Work instruction | Output the listing below exactly, minus its images.

Supplied information |
=== Begin Enclosure ===

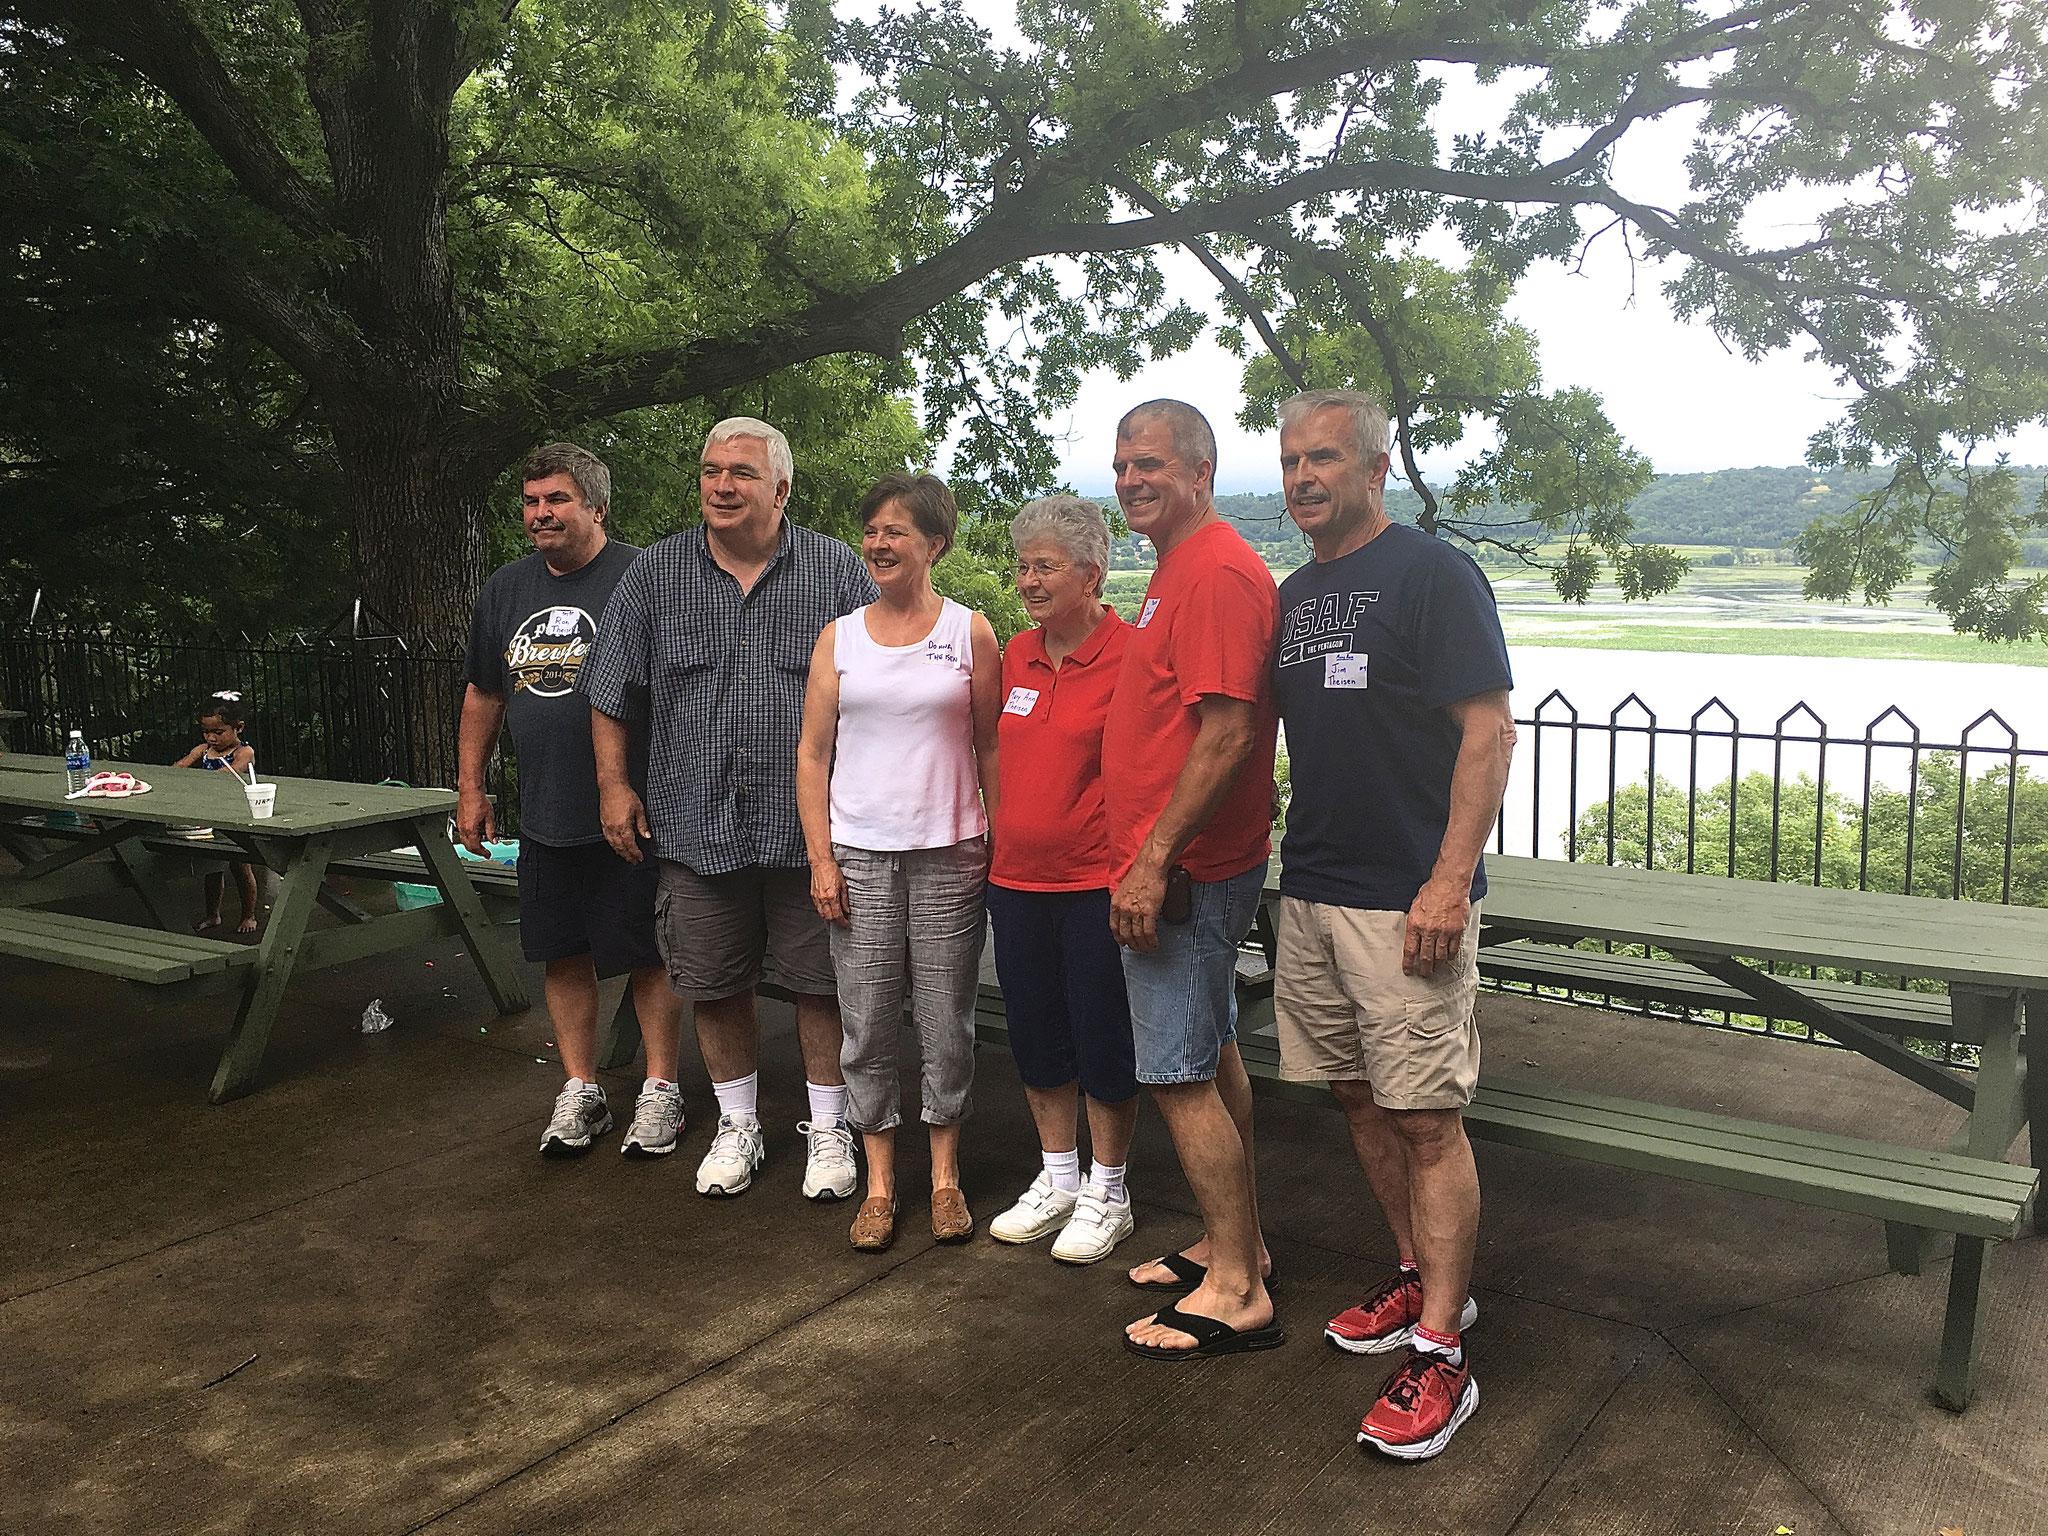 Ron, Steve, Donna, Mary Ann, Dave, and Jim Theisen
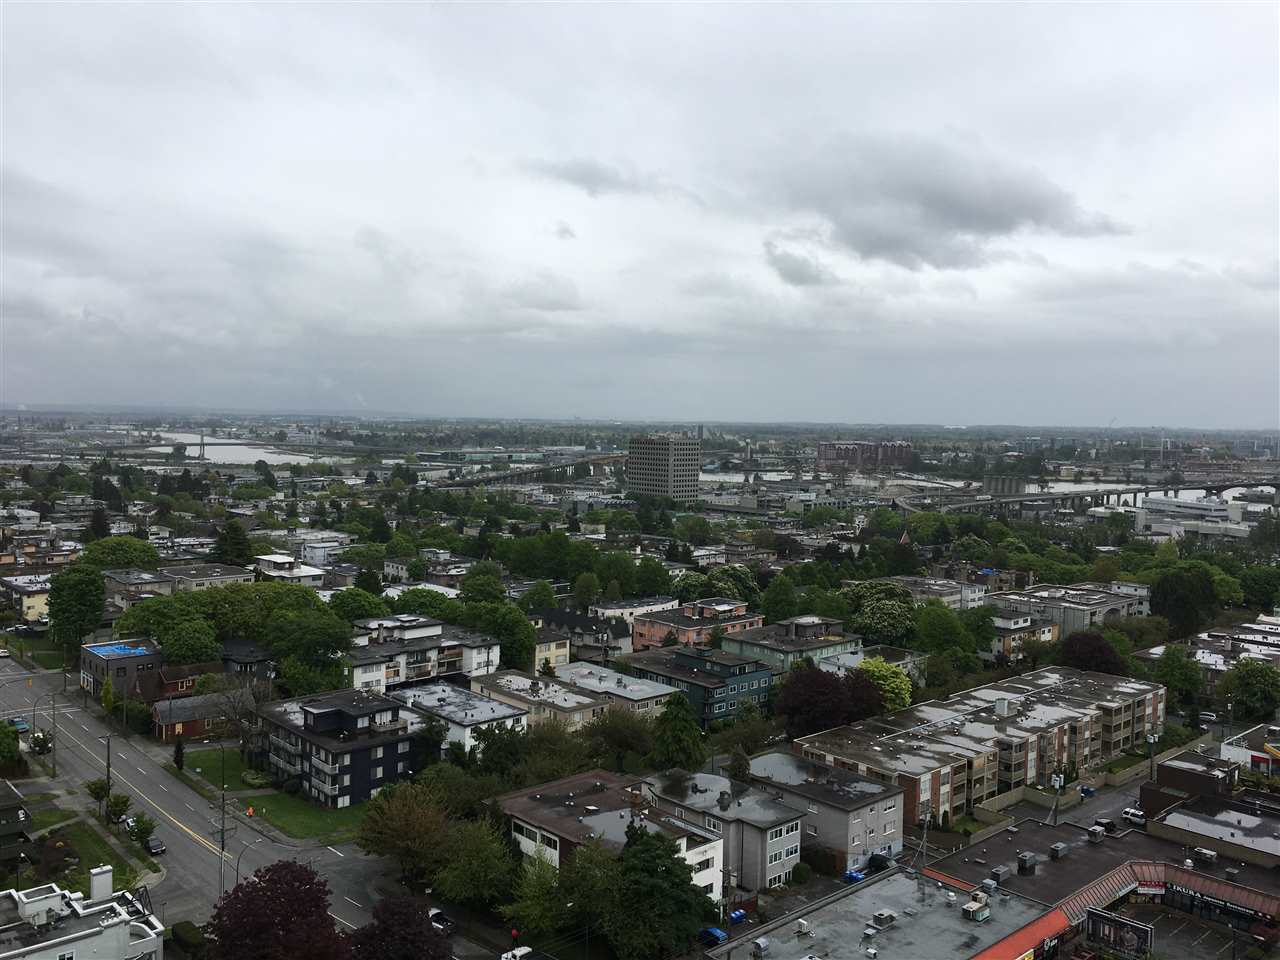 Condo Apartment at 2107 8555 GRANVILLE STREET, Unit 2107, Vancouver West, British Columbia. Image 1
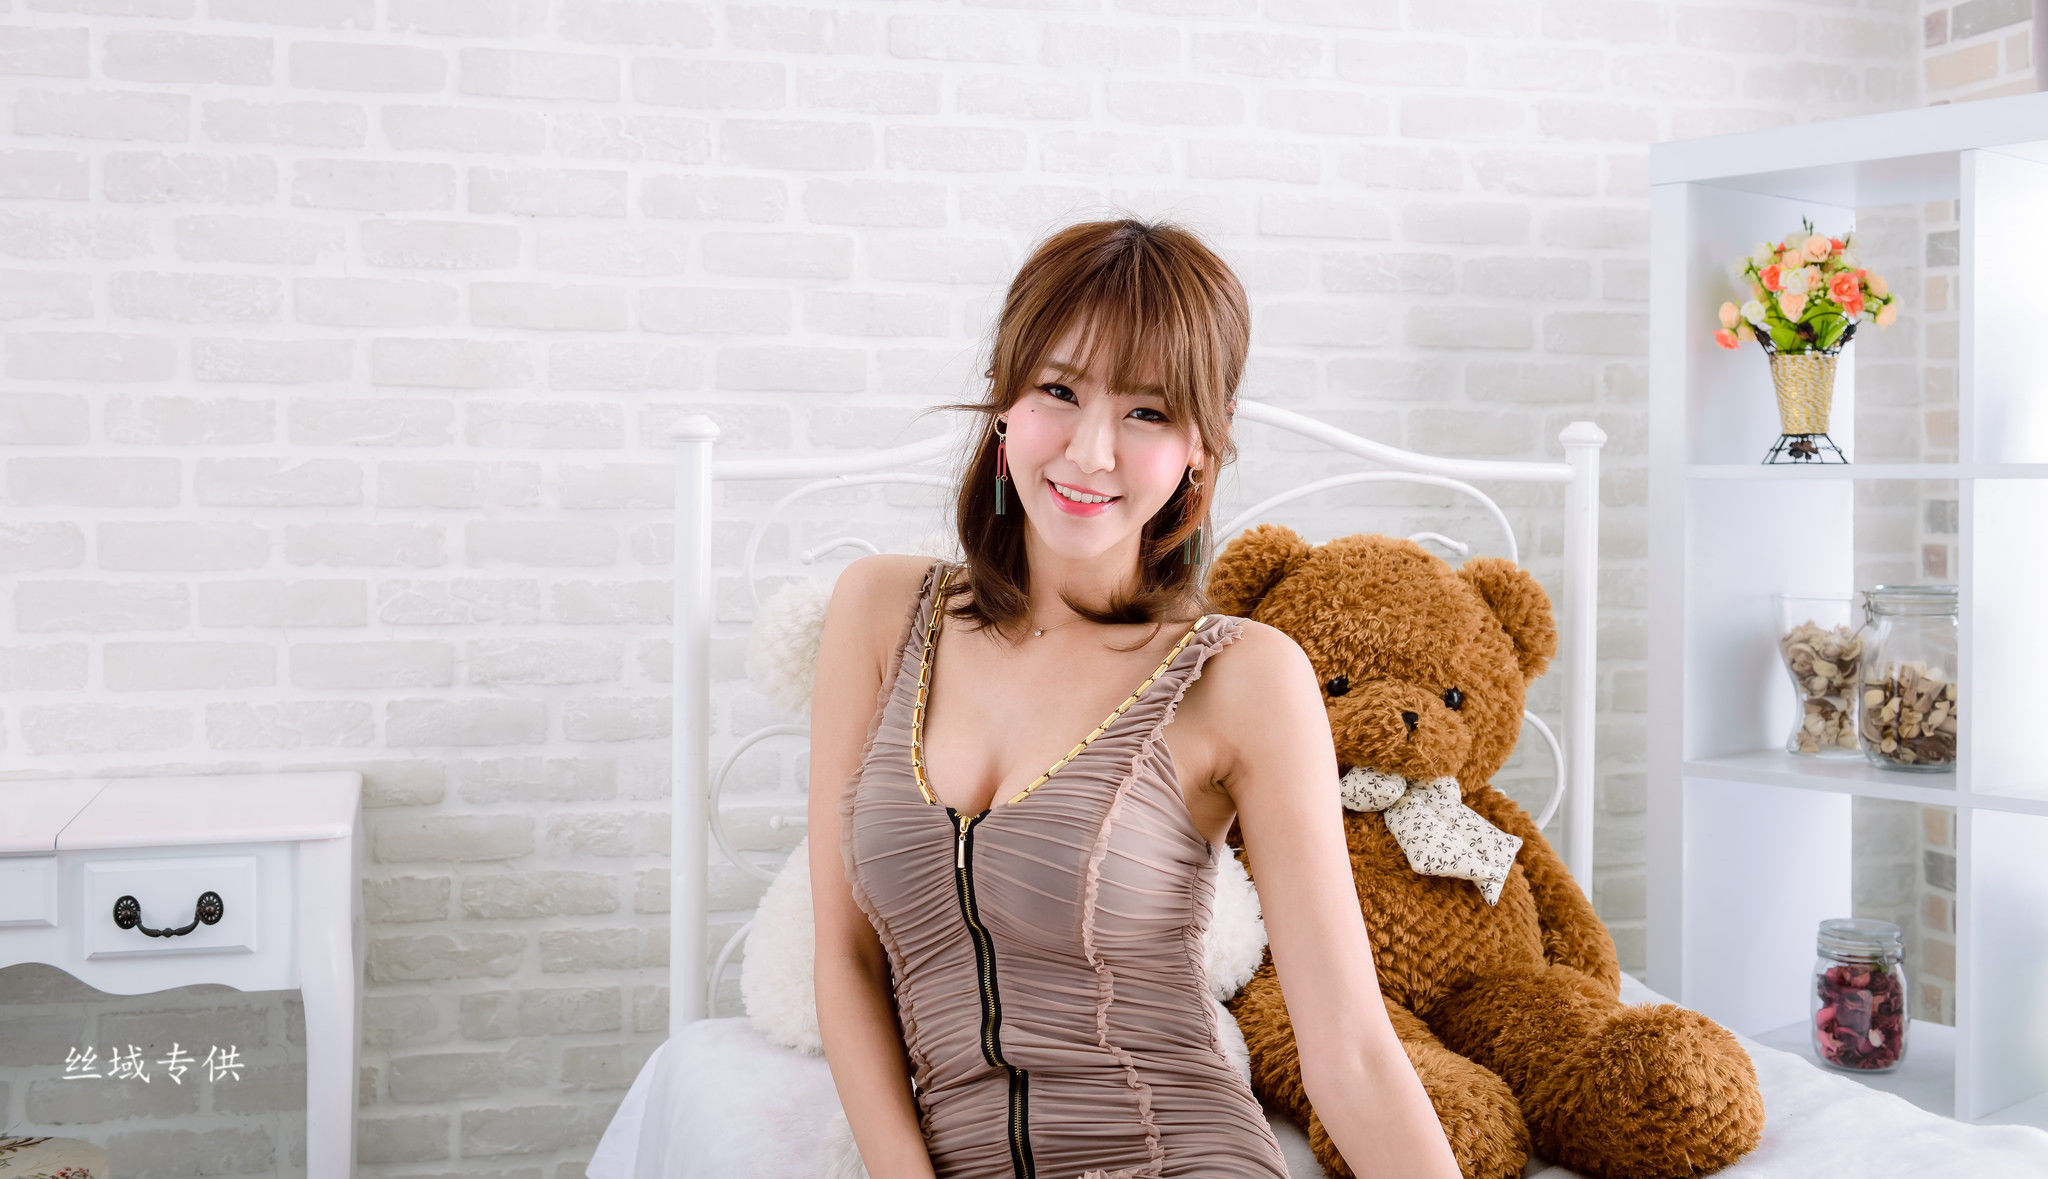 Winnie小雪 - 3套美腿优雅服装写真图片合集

=== End Enclosure ===

Result for this exercise |
 Ron, Steve, Donna, Mary Ann, Dave, and Jim Theisen
 Condo Apartment at 2107 8555 GRANVILLE STREET, Unit 2107, Vancouver West, British Columbia. Image 1
 Winnie小雪 - 3套美腿优雅服装写真图片合集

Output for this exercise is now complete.